JUPITER, Fla. - Casey Janssen has spent his entire career pitching in the American League for the Toronto Blue Jays. In the sixth inning of today’s game, with the Nationals holding a 3-2 lead, Marlins star Giancarlo Stanton welcomed Janssen to the National League with a titanic blast that soared well beyond the center field wall at Roger Dean Stadium.
“I would imagine that’s not the only one he’s hit in the last couple years,” Nationals manager Matt Williams said. “He left one out over and that’s what Giancarlo’s paid to do.”
Stanton entered the game hitting just .167, but quickly got well with a 3-for-3, two-RBI afternoon that also included a sharply hit double off Nats starter Doug Fister. Dig in, Nats fans. Could be 13 more years of dealing with Stanton after the 25-year-old signed a colossal $325 million contract with the Marlins this past offseason.
As for Fister, the tall righty wasn’t at his best, giving up two runs on six hits with one strikeout in four innings of work.
“Nowhere near my best,” Fister said. “There are some things that I need to continue to work on and kind of shake off the rust and kind of get through the spring training blues, if you want to call them that. I’ve got to be able to control, and more than control, command my fastball and my sinker. I haven’t quite got to that point, still working on that.

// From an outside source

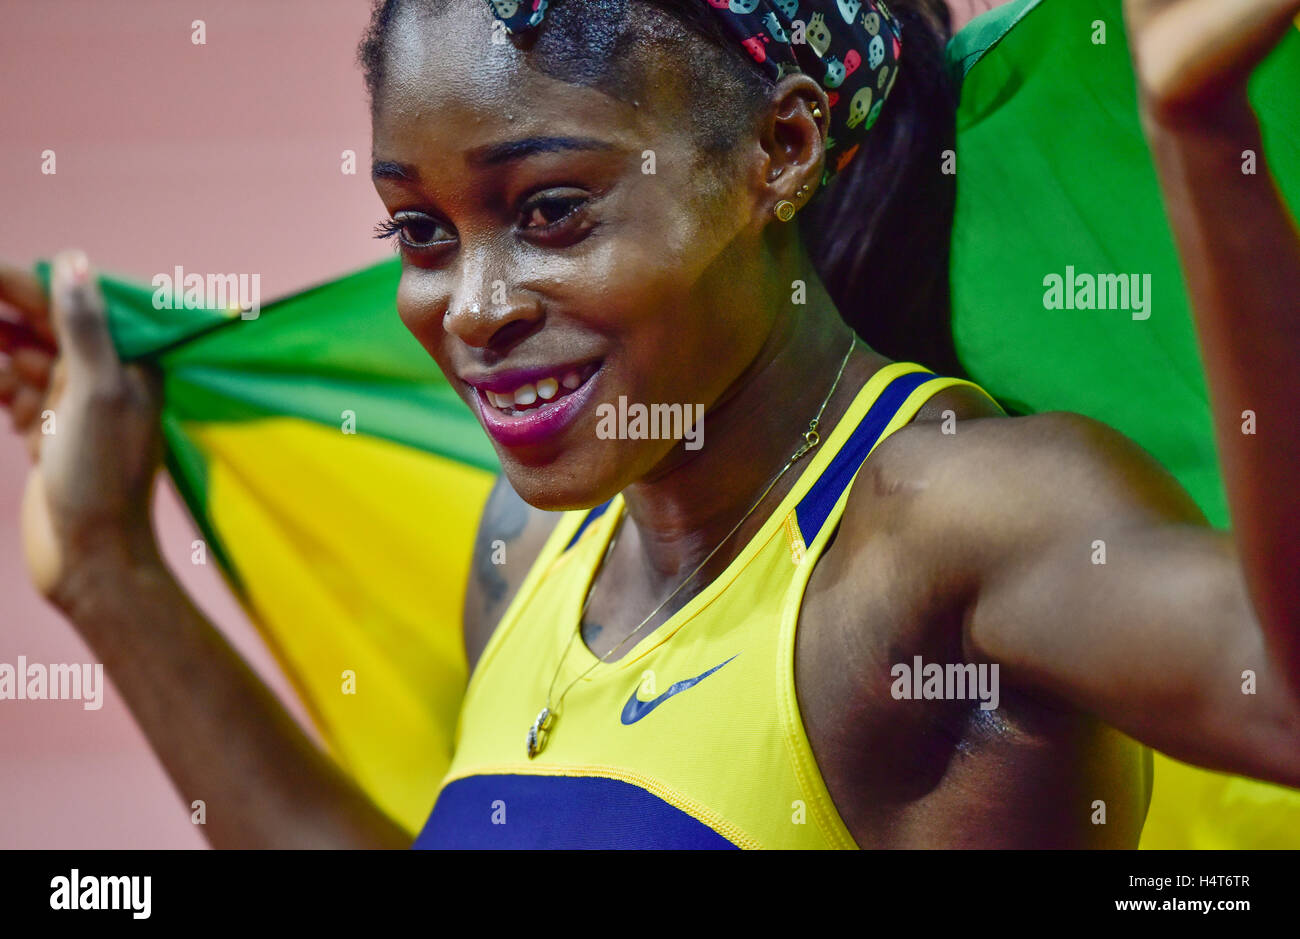 Zurich, Suisse - le 3 septembre 2015 : Le sprinter jamaïcain Elaine Thompson pose avec le drapeau jamaïcain après avoir remporté le women's 100m la chaleur à la Zurich 2015 IAAF Diamond League meeting d'athlétisme. Banque D'Images

I think that’s my biggest key.”
Fister has allowed three earned runs while scattering 11 hits with three strikeouts and two walks in 8 1/3 innings this spring. He also became the first Nationals pitcher to have the opportunity to hit in a Grapefruit League game, but his bunt attempt didn’t fare so well against Marlins starter Mat Latos.
“Oh, that was horrible,” he said. “We bunt in the cage, we bunt off BP and everything else. Getting back out there in the real world with a pitcher out there, it’s a little different.”
Clint Robinson has been hot at the plate while playing first base and right field this spring. He belted his second home run of the exhibition season and is now batting .417 (10-for-24) with six RBIs.
“He’s making a really good case,” Williams said. “He just continues to play well all over the field. Right field, first base, coming off the bench if we need him to do that. So, yeah, he’s making a real good case.”
The 6-foot-5 Robinson reached the majors in 2012 with the Royals and last year with the Dodgers, but only has a total of 13 big league at-bats.
“I’m trying not to really think about it too much,” Robinson said. “Camp is starting to wind down now and just trying to go out every day and when I get the chance, have as good of at-bats as I can.”
“Yunel is well on his way,” Williams said. “He had a great work session today. He went to 35 grounders, a little more intensity, and put a bat in his hand and did some tee work and flip work. So that’s a good progression for him.”
With a focus on preparing his team for opening day, Williams understands that caution is the best route for his key players in a season lasting seven, or hopefully eight, months.
“You don’t just run them out there every day just to get them at-bats,” Williams said. “You have to stay within that progression. The good thing about it is both Anthony and Jayson, I know them very well. It doesn’t take them long to get going. Yunel, from all indications that I’ve seen, is a quick guy to come to the forefront as far as the swing goes because it’s not a big one. He makes contact. So hopefully those guys will be progressing quickly once they’re able to go.”